Supplied records:
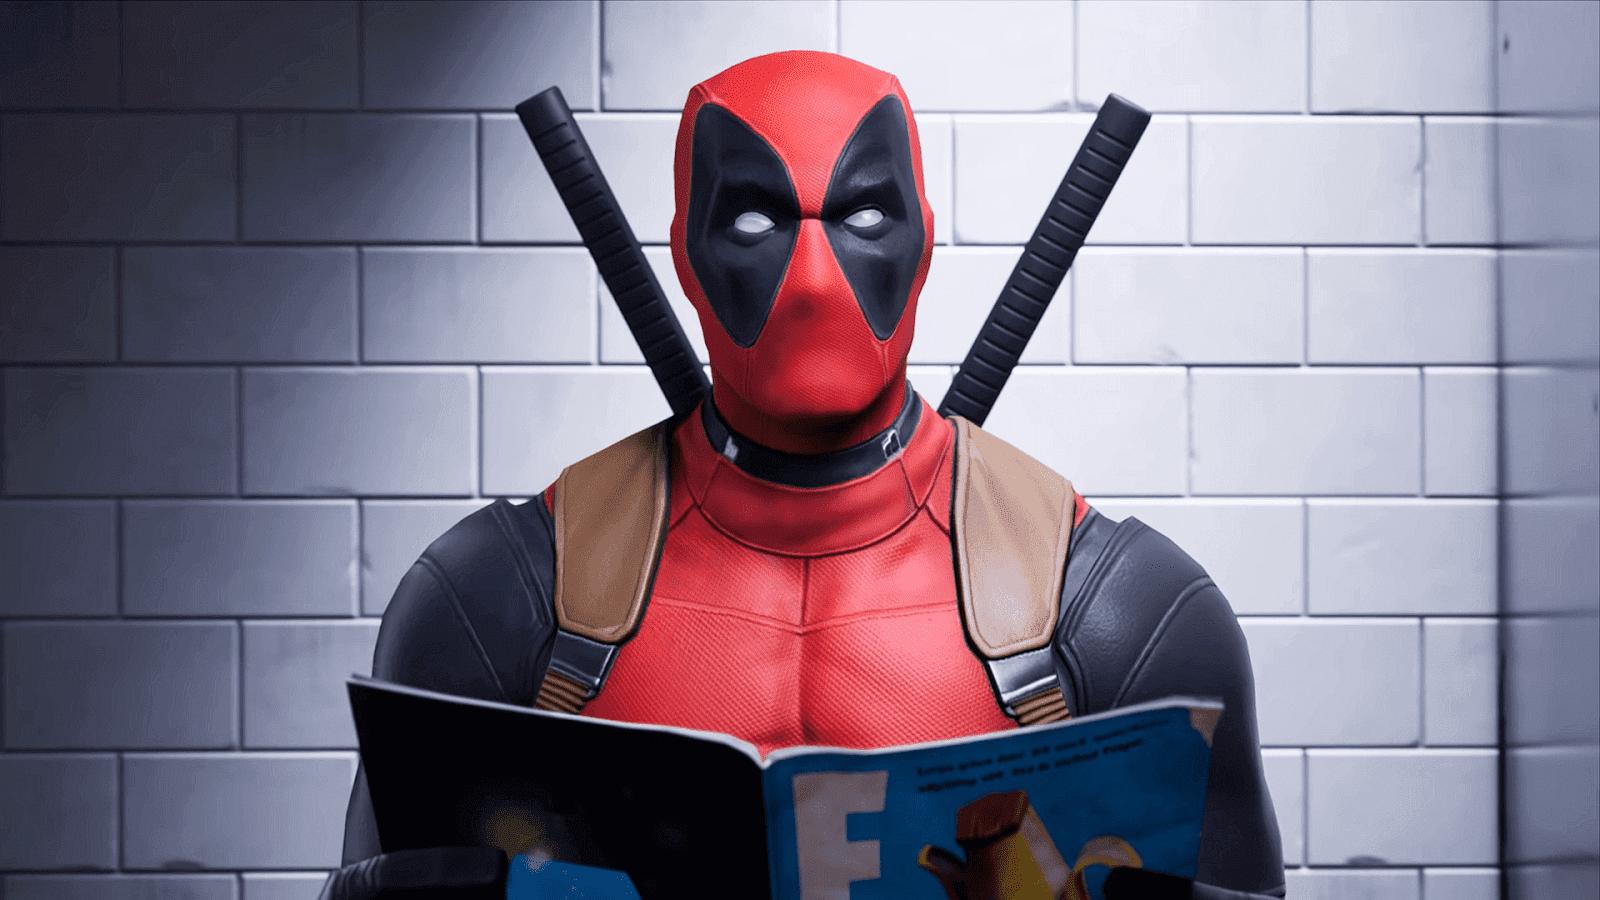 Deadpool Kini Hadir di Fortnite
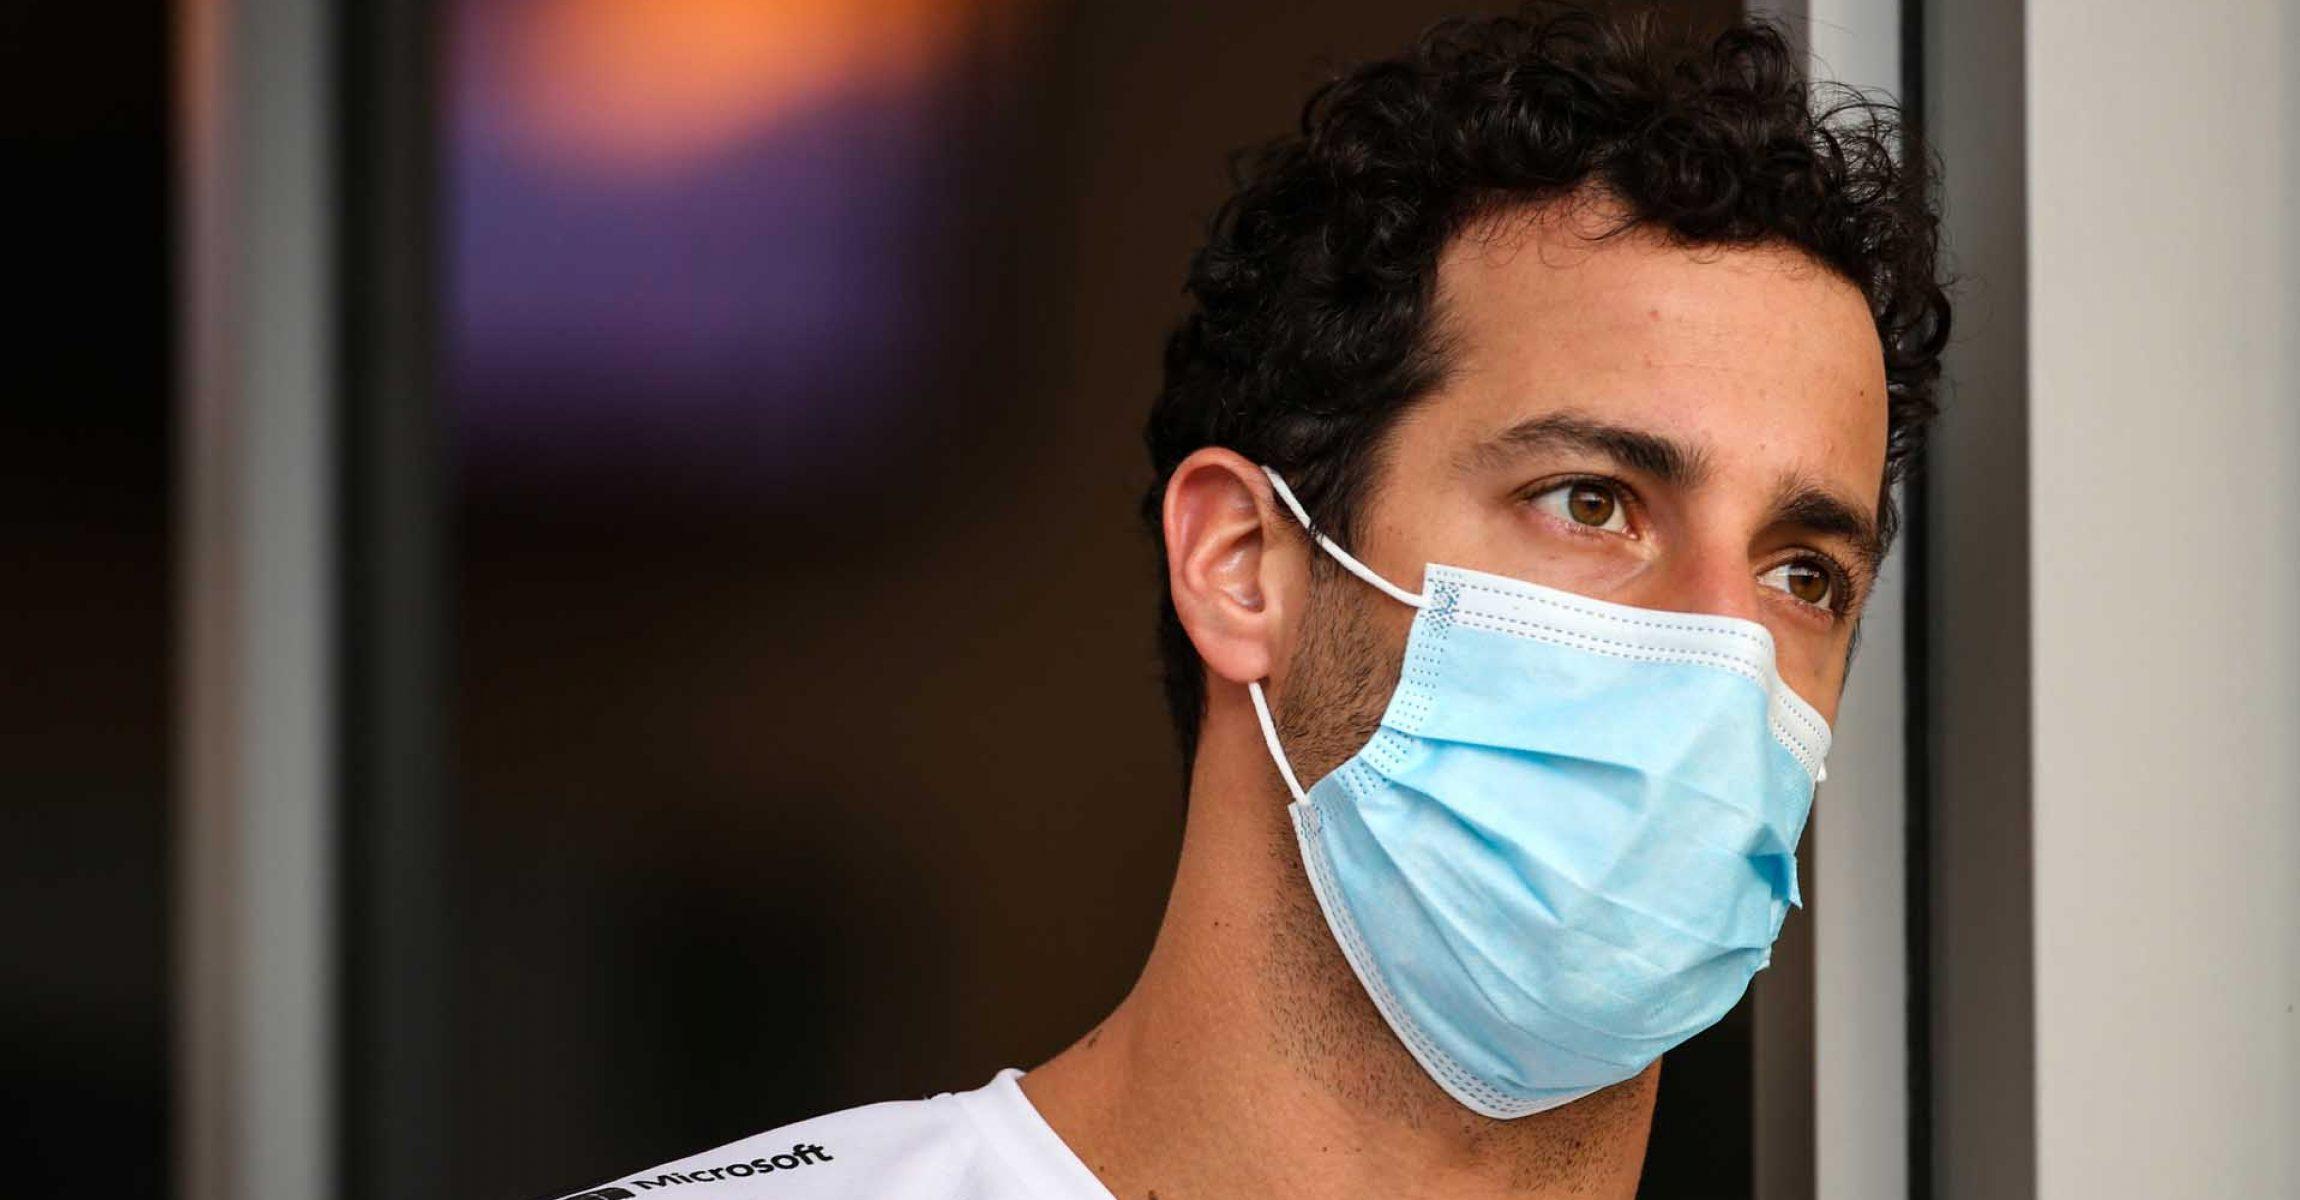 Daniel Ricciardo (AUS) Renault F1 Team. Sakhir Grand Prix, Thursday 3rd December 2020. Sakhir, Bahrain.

---

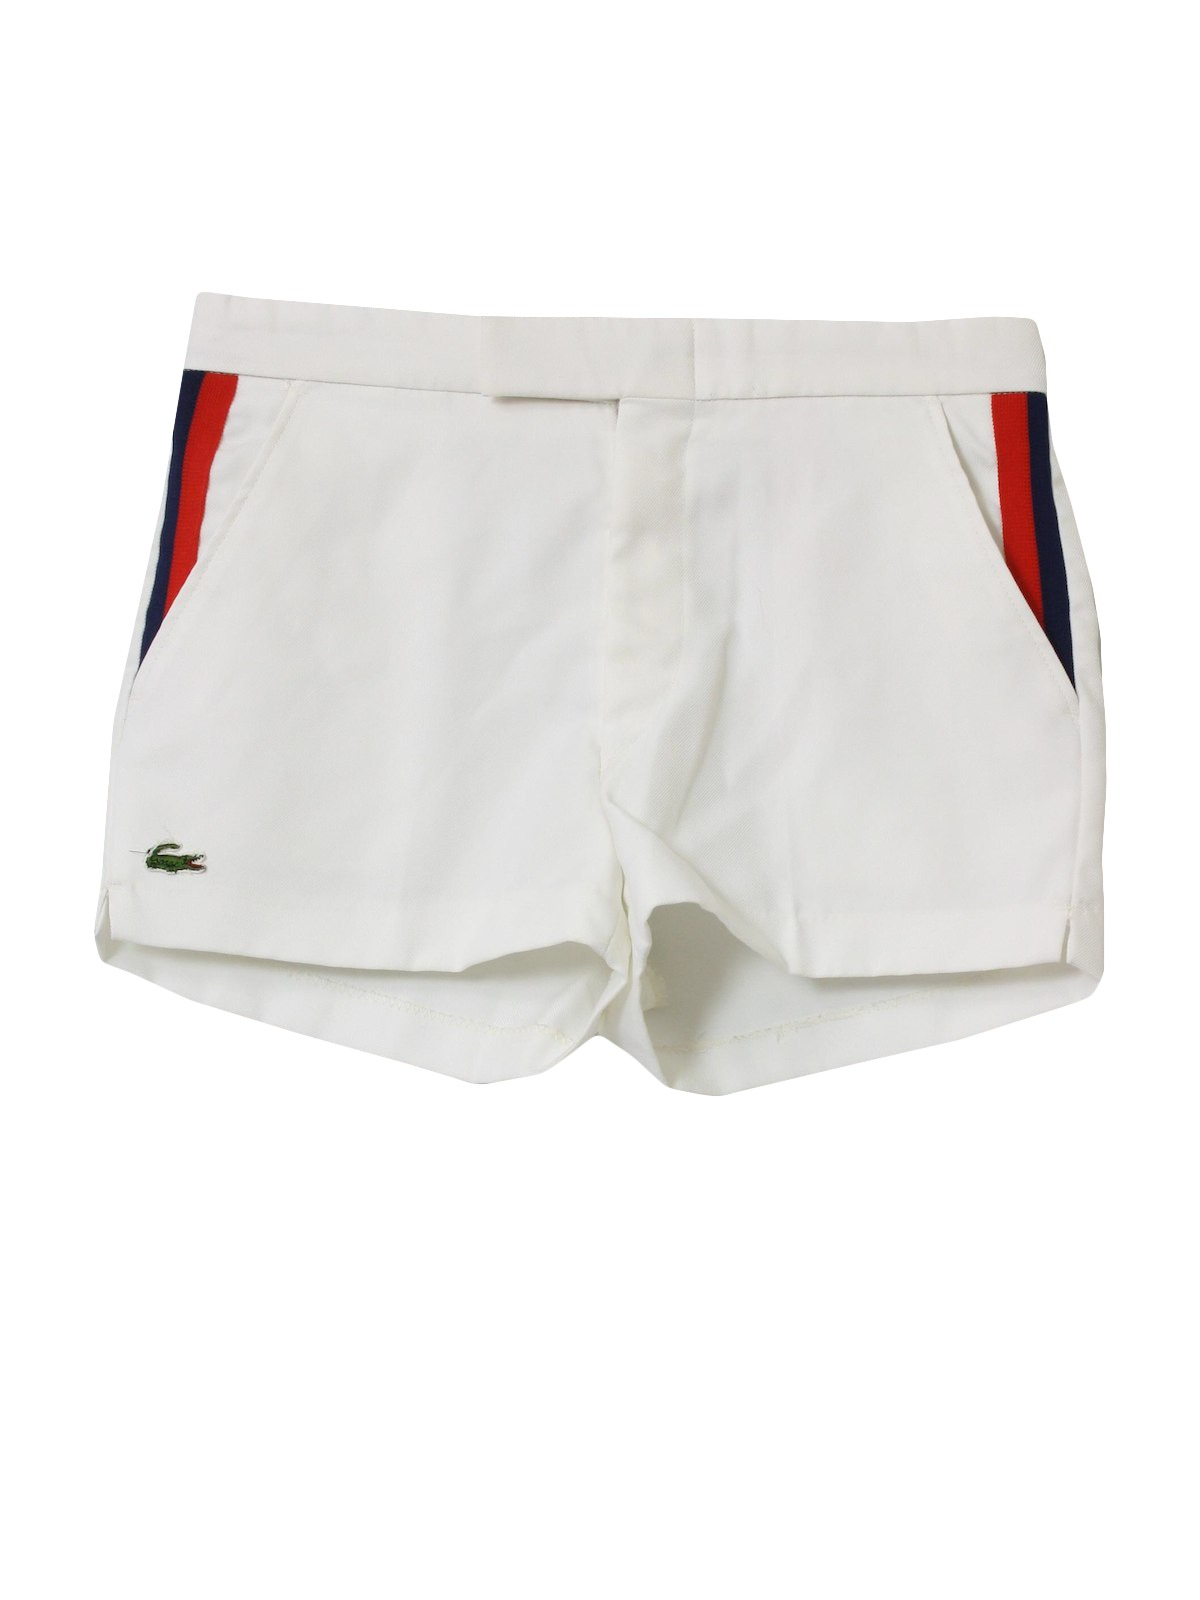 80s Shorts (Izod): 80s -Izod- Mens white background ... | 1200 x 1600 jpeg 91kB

Your instructions: Out of the records above, set down only the lines from the one that contains "Deadpool Kini Hadir di Fortnite" through the one that contains "Daniel Ricciardo (AUS)", unchanged and without the pictures.

Task response:
 Deadpool Kini Hadir di Fortnite
 Daniel Ricciardo (AUS) Renault F1 Team. Sakhir Grand Prix, Thursday 3rd December 2020. Sakhir, Bahrain.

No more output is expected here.